In case you think the lights are coming from the town of Derweze and not the actual Gates of Hell, here’s a zoomed in image from the DNB along with the M-12 (3.7 µm) brightness temperatures:

VIIRS Day/Night Band image of the Derweze "Gates of Hell", Turkmenistan, taken 22:26 UTC 13 September 2012

VIIRS Day/Night Band image of the Derweze "Gates of Hell", Turkmenistan, taken 22:26 UTC 13 September 2012

VIIRS channel I-04 image of the Derweze "Gates of Hell", Turkmenistan, taken 22:26 UTC 13 September 2012

VIIRS channel M-12 image of the Derweze "Gates of Hell", Turkmenistan, taken 22:26 UTC 13 September 2012. The color scale ranges from 210 K (white) to 300 K (black).

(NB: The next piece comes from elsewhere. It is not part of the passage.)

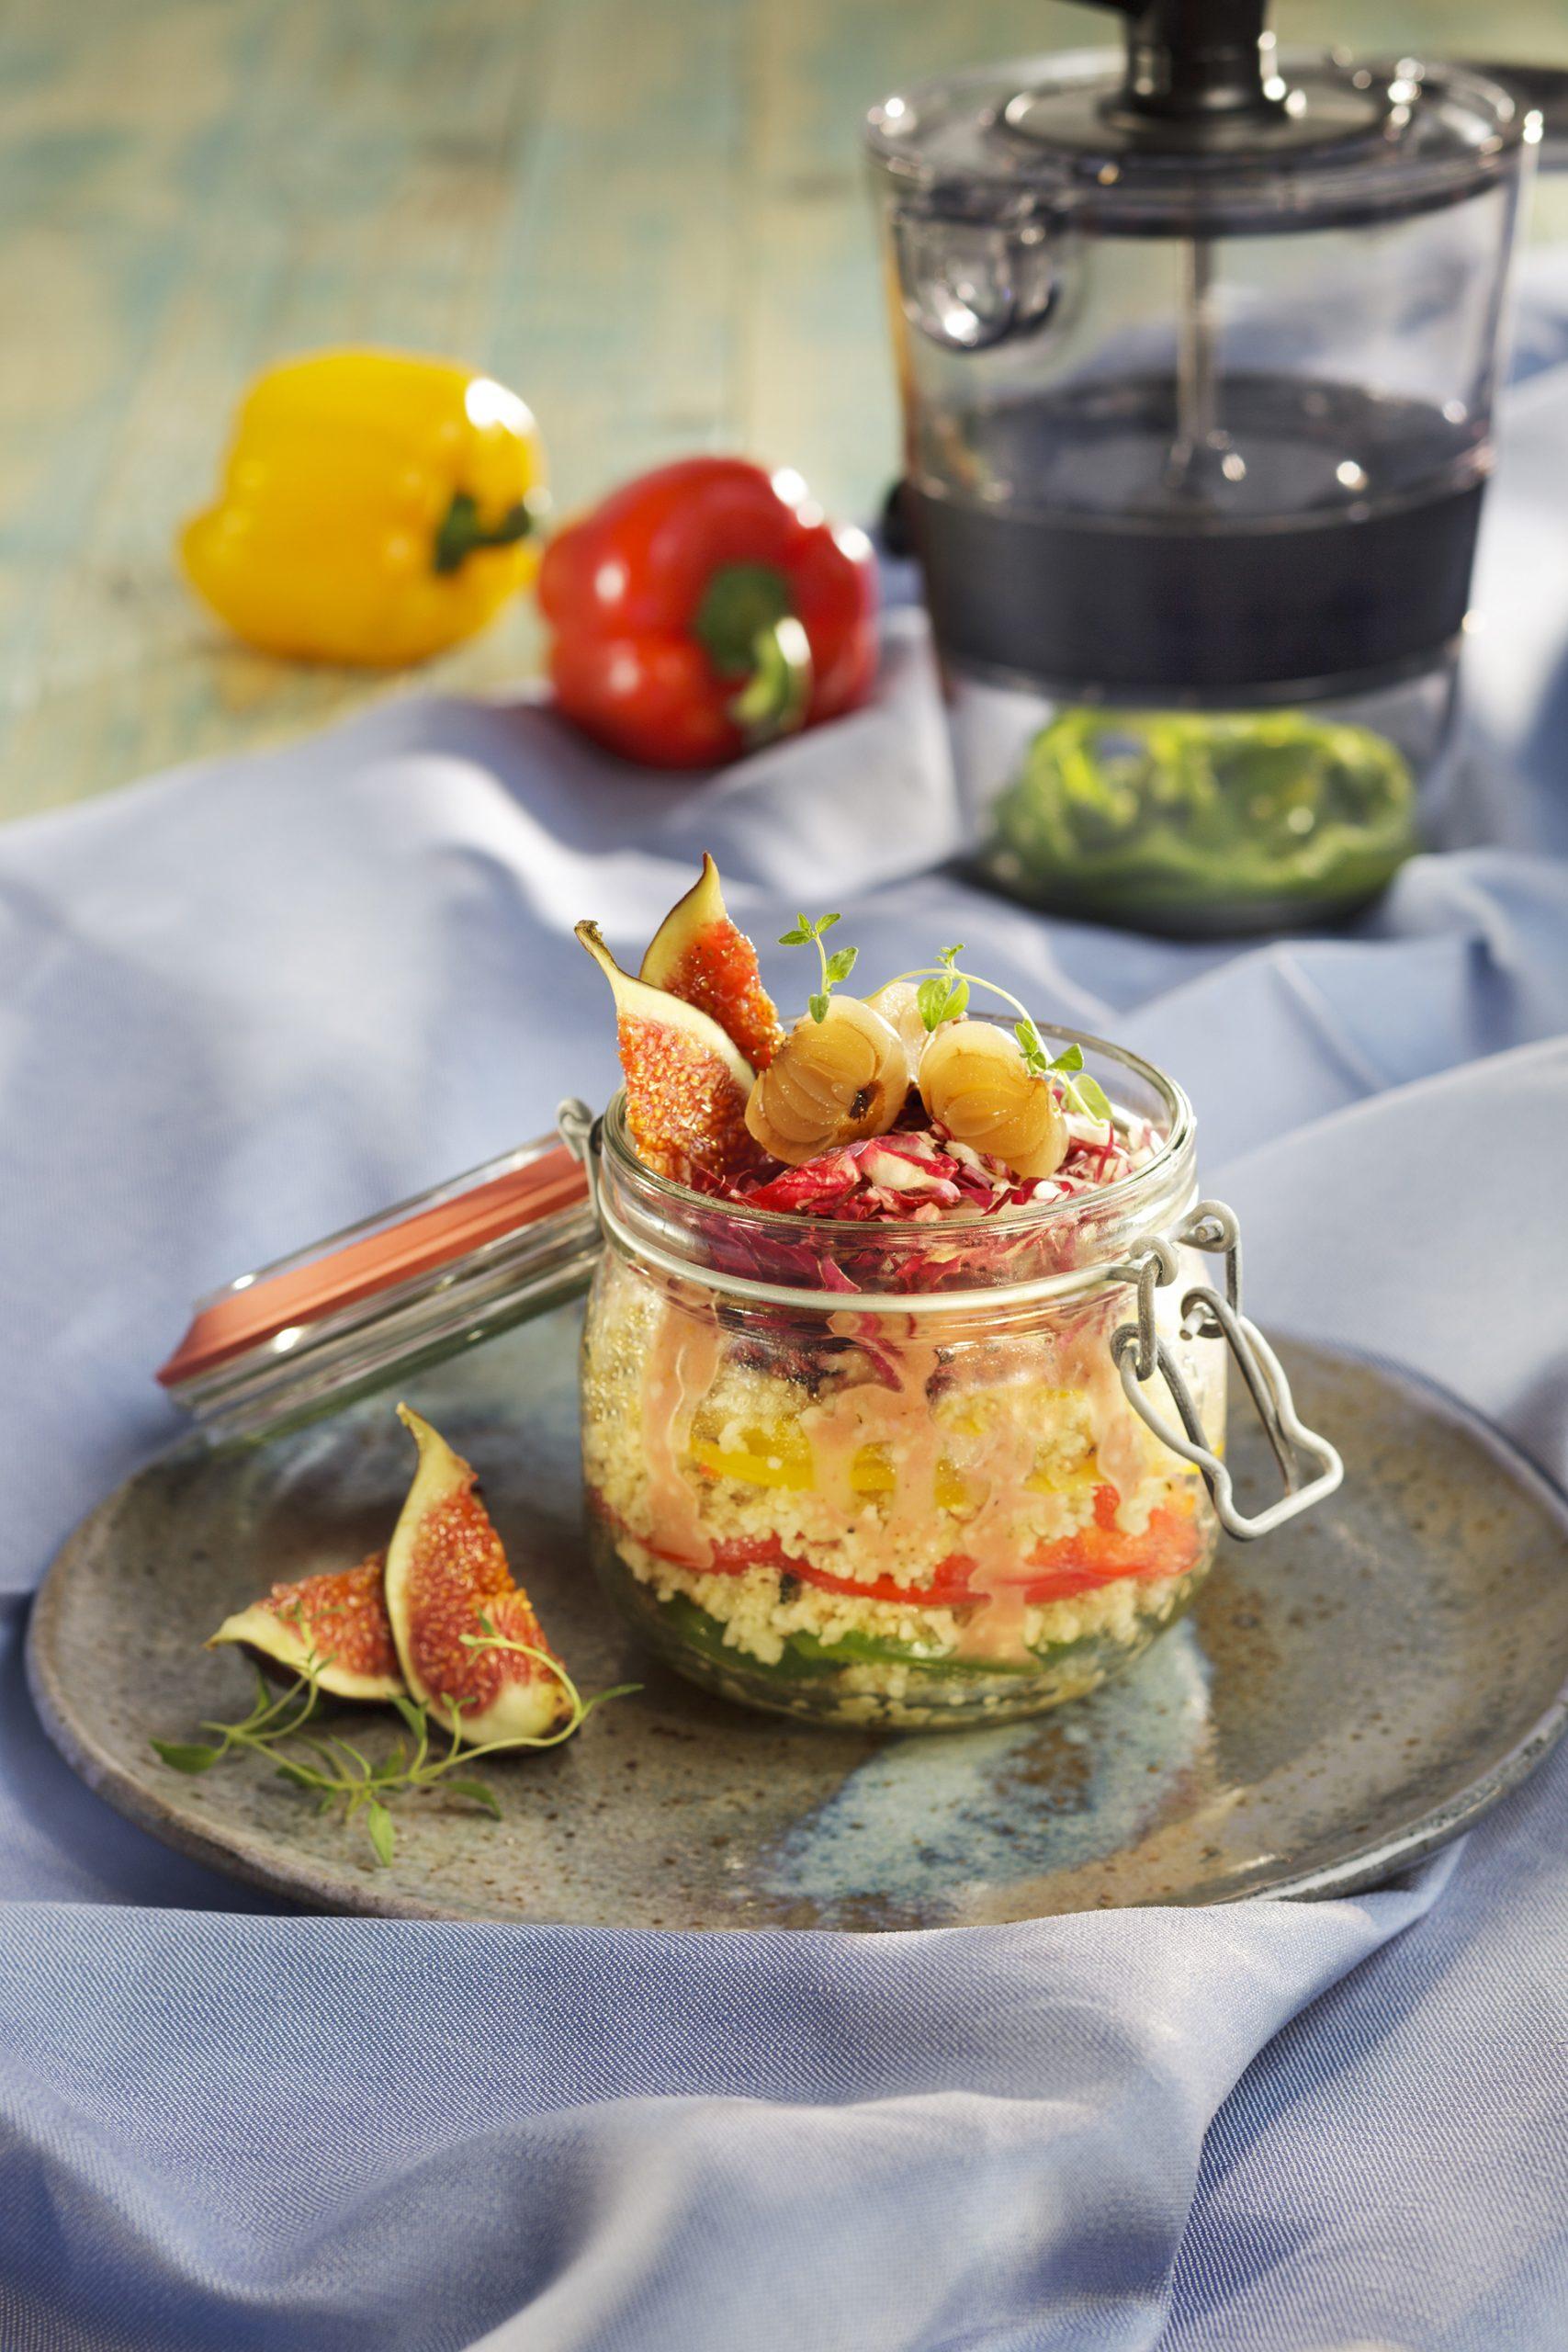 Festlich: Couscous-Paprika-Salat im Glas

The Gates of Hell is the only light source that also shows up as a 345 K hot spot in channel M-12. Since this is a nighttime image, the signal in M-12 comes only from emission from the Earth (and clouds, etc.) without any contribution from solar reflection (as there would be during the day). What you see in the M-12 image is the temperature of the objects in the scene, just like a typical infrared (IR) satellite image, except with higher sensitivity to sub-pixel heat sources. The clouds show up as cold (bright, in this color table) above the warmer (darker) land surface. Sarygamysh Lake (and a few other smaller lakes) show up as really warm (dark) because the desert floor at night cools off much more than the water does.

The moon here was only ~10% full, so there wasn’t enough light reflecting off the few clouds in the scene for the DNB to detect them. In fact, with so little moonlight, everything is dark in the DNB. Everything, that is, except for the towns, villages and flaming craters of burning methane.